Never mind what that means. What their analysis showed them was that the change in the orbital period was 34.2 minutes, with a margin of uncertainty of just 0.1 minute. As things go, that’s a significant change—“a 3.5 s discrepancy", Swift and students remark, which magnitude statisticians will recognize—from the previously measured 32 minutes. And this was based on observations taken 20-30 days after the collision.

Why, Swift and students wanted to know, is the orbit of Dimorphos continuing to shorten? There was, they note, an observed decay in its motion already, before the collision. But that is “4 orders of magnitude too small to account for the difference we see". What else could account for the ongoing post-collision decay?

Well, could it be that ejecta? Estimates are that the collision expelled into space between 10 and 50 million kg of debris. This is less than 1% of the weight of Dimorphos itself—an estimated 5 billion kg. A tiny fraction. But if some of it lies directly in the path of Dimorphos, could the friction it causes slow the asteroid?

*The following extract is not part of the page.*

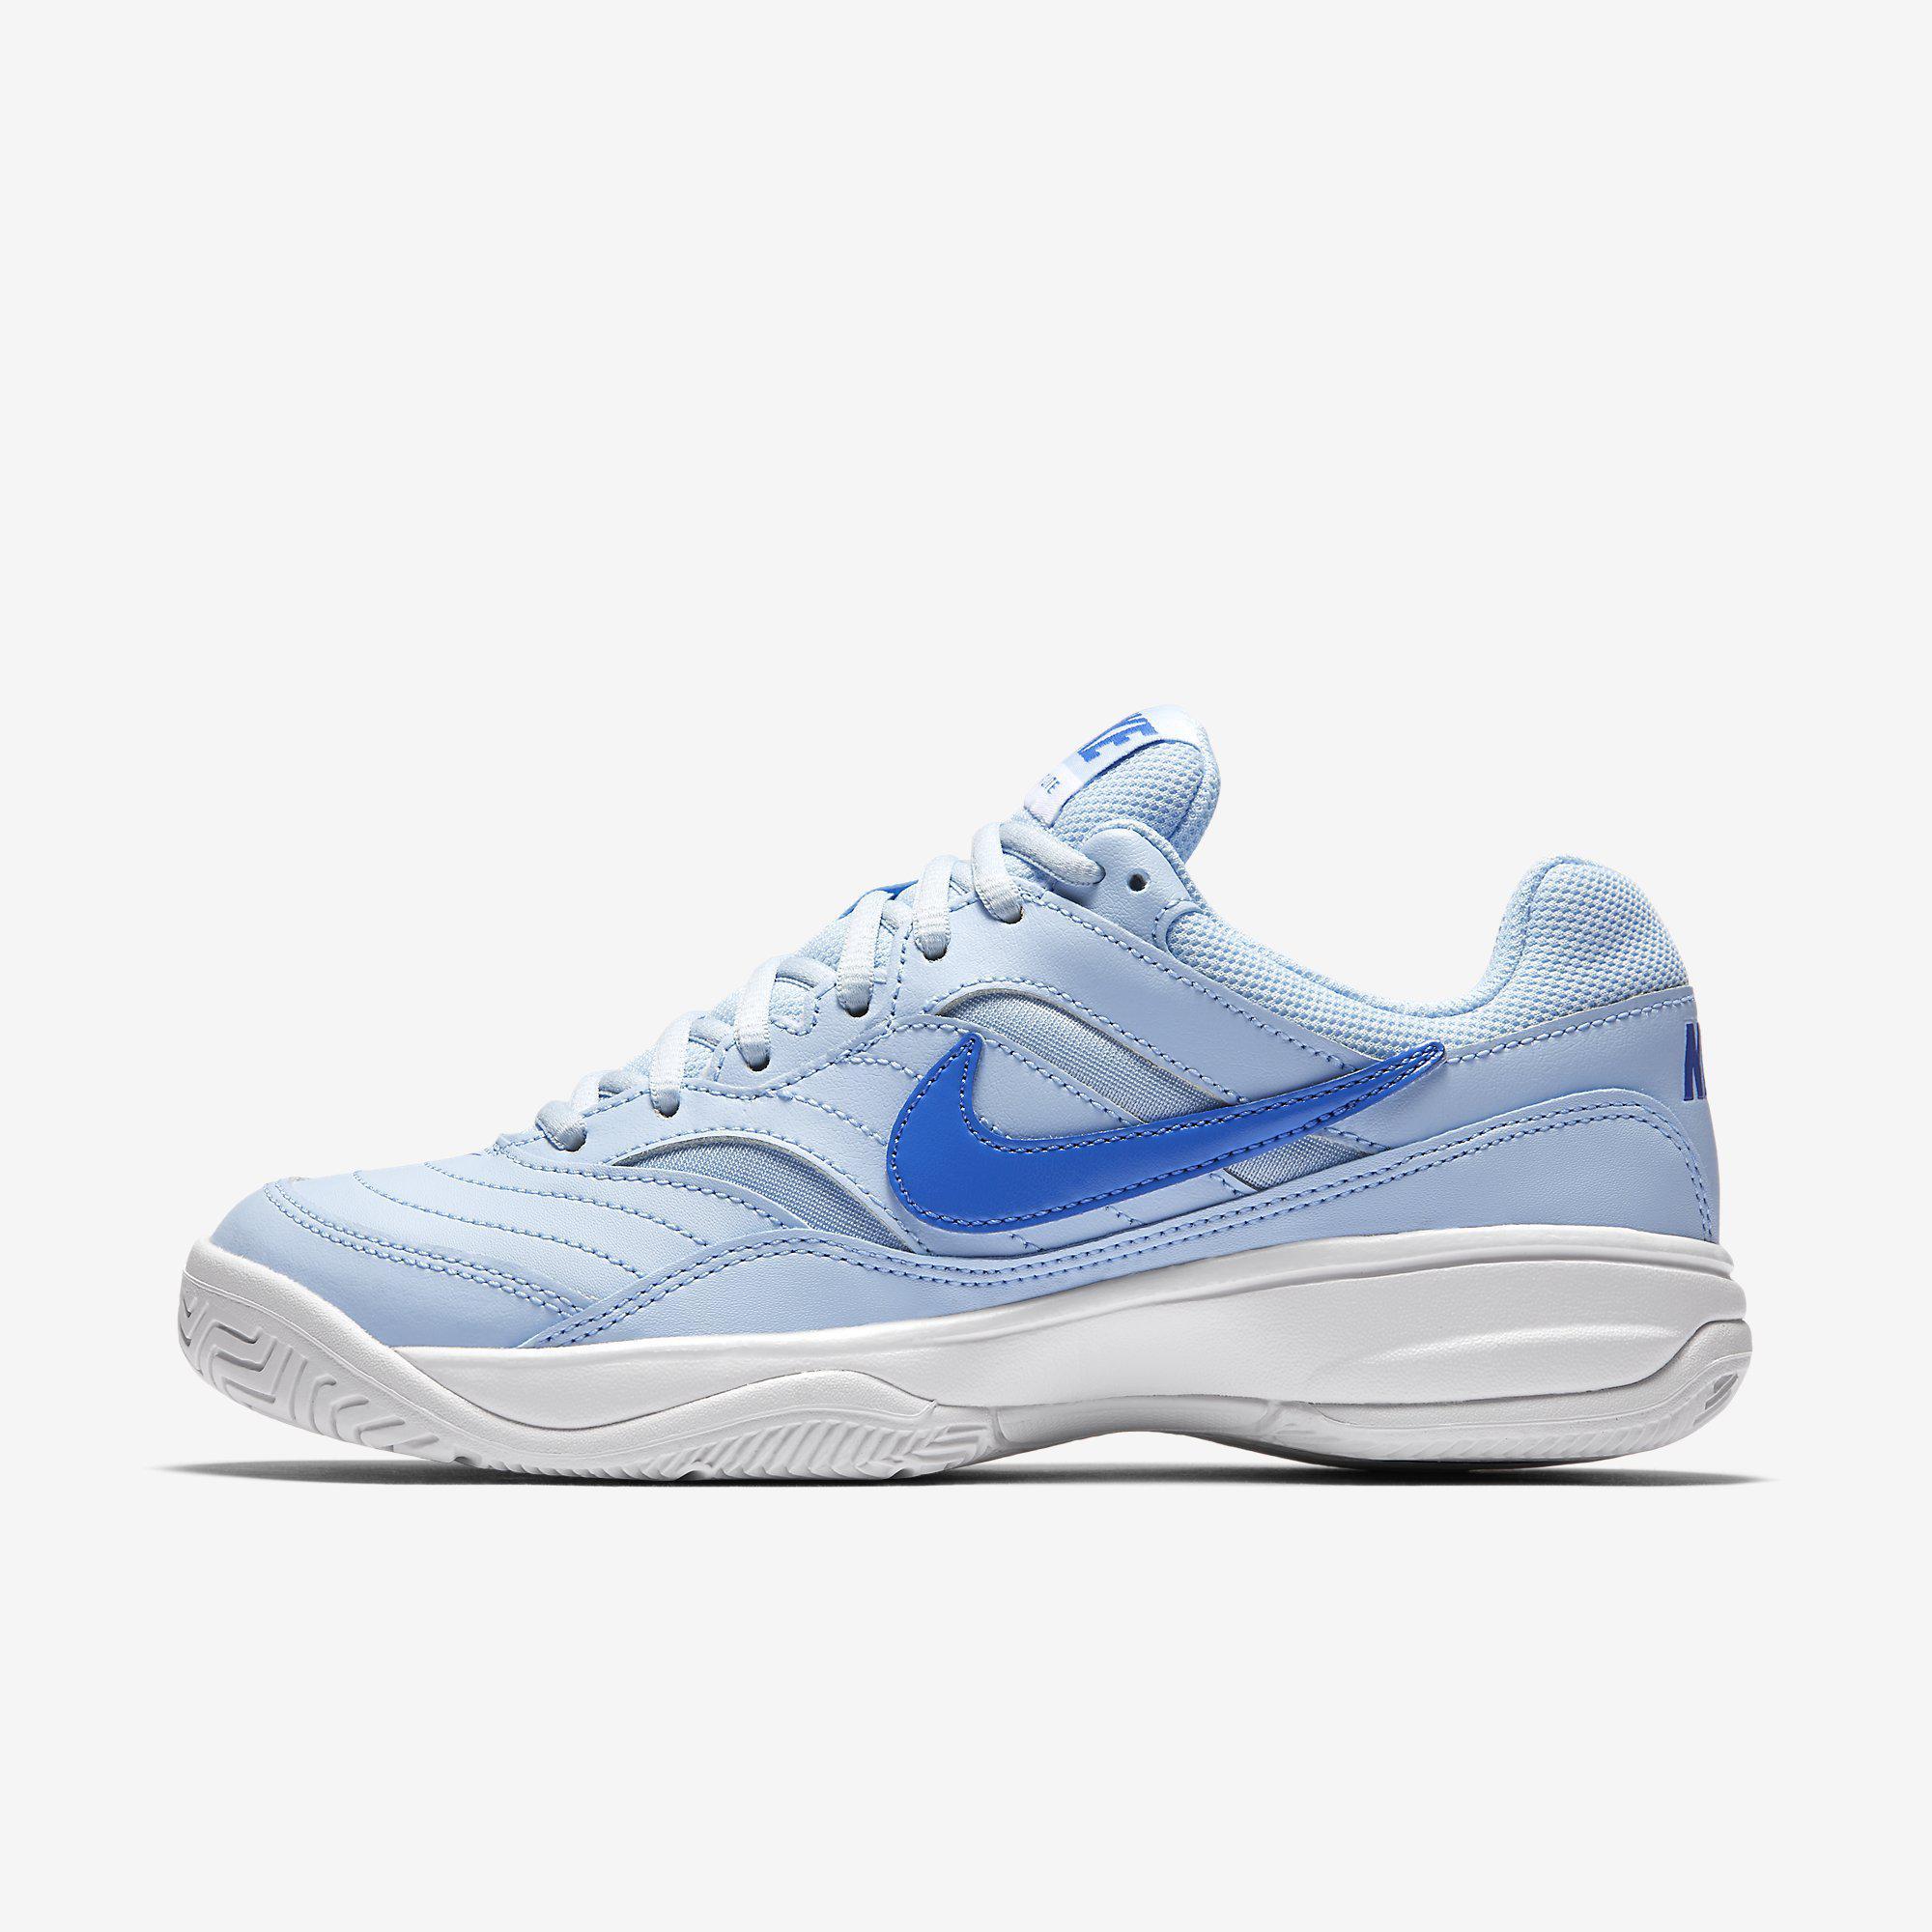 Nike tennis shoes women white

Swift and students actually calculated how much debris there would need to be in the path of Dimorphos to account for the slowdown they observed: about 3 million kg. Certainly, then, there’s enough ejecta. But this still isn’t a likely explanation.

As Swift and students point out, the estimated speeds of the ejecta and the low escape velocity from Dimorphos mean that much of the debris would be quickly swept out of Dimorphos’s vicinity.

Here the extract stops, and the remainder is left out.